Srsly sorry about that time in the 6th grade that we all peed a little in a sunkist, then gave it to you and watched you drink it, laughing the whole time.  You kept asking what we were laughing about, then you noticed that your soft-drink was a bit off.  At that point we were rolling on the ground laughing.  You got so upset you started crying.  Srsly sorry, kids can be such dicks sometimes.

- Kevin G. and co.

Justin R.,

I took a piss in your gas tank in highschool. I honestly don’t know if that messed your truck up or not, but you were a serious prick and deserved it.  Still, srsly sorry.

- anonymous


About that time I peed on you when we were kids. I had climbed way up in a tree, I had to pee, and you walked underneath at the wrong time. I wondered if I could hit you from that far up. Turns out that I could. Sorry about that.

- Mark

Dear Body Minut’ Tanning Boutique ,

I knew I had to pee sooo badly but entered anyway. Please understand I really wanted to try the tanning bed. I’m sorry I didn’t ask for the toilets. I’m sorry I peed in the tanning bed.
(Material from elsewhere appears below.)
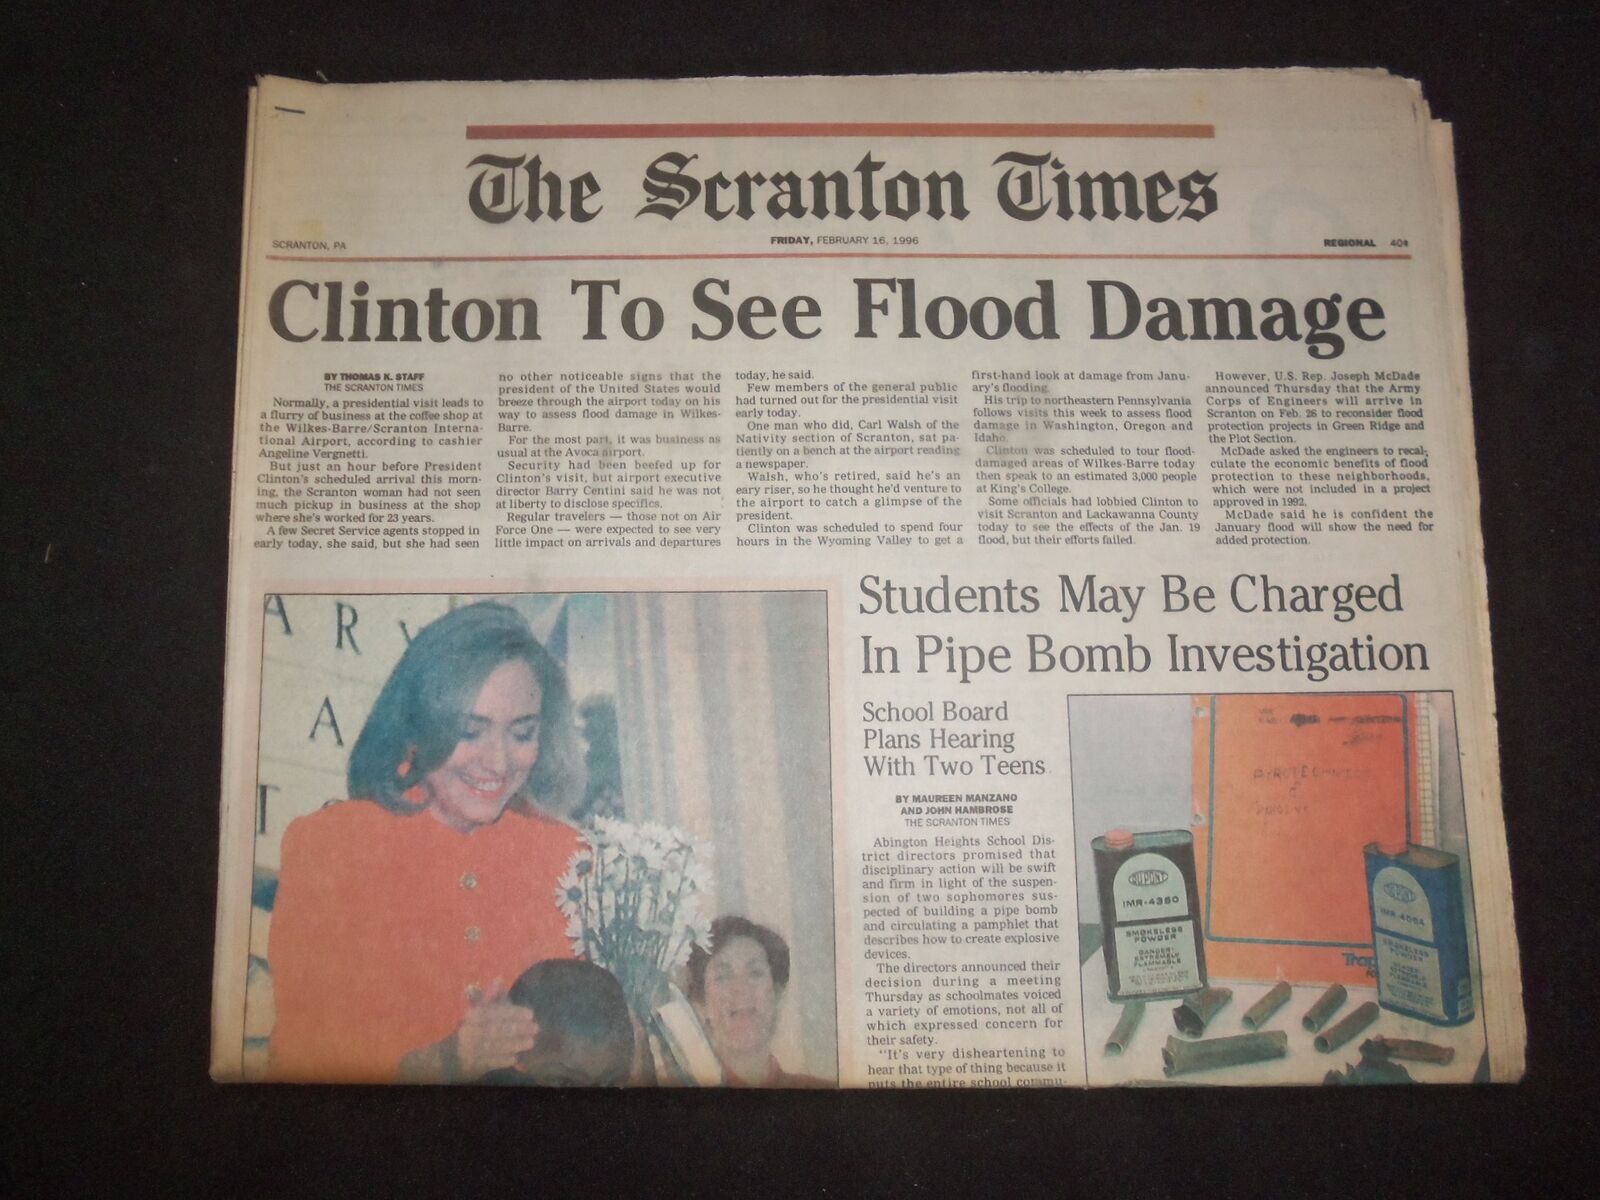 1996 FEB 16 THE SCRANTON TIMES NEWSPAPER - CLINTON TO SEE FLOOD DAMAGE - NP 8362

I’m sorry I fled the crime scene after failing to clean it.  And I’m sorry my tan was splotchy and terrible.  However, don’t worry, I’ll never come back.

- not so tanned

Dear Damp Undies,
Yeah, I peed on the seat when I was in a rush.  I assumed your Mom taught you to wipe the seat before you sat.  Muh bad…

- I.P. Freely


Remember that night we hooked up sophomore year?  Remember waking up in the morning in a wet yellow puddle on my bed, and me blaming it on you?  You ran out crying, super embarrassed, and I haven’t seen you since.  Well, what really happened was that I pissed the bed, and I woke up before you, switched positions with you, then blamed it all on you.  Sorry, but I got a kick out of that.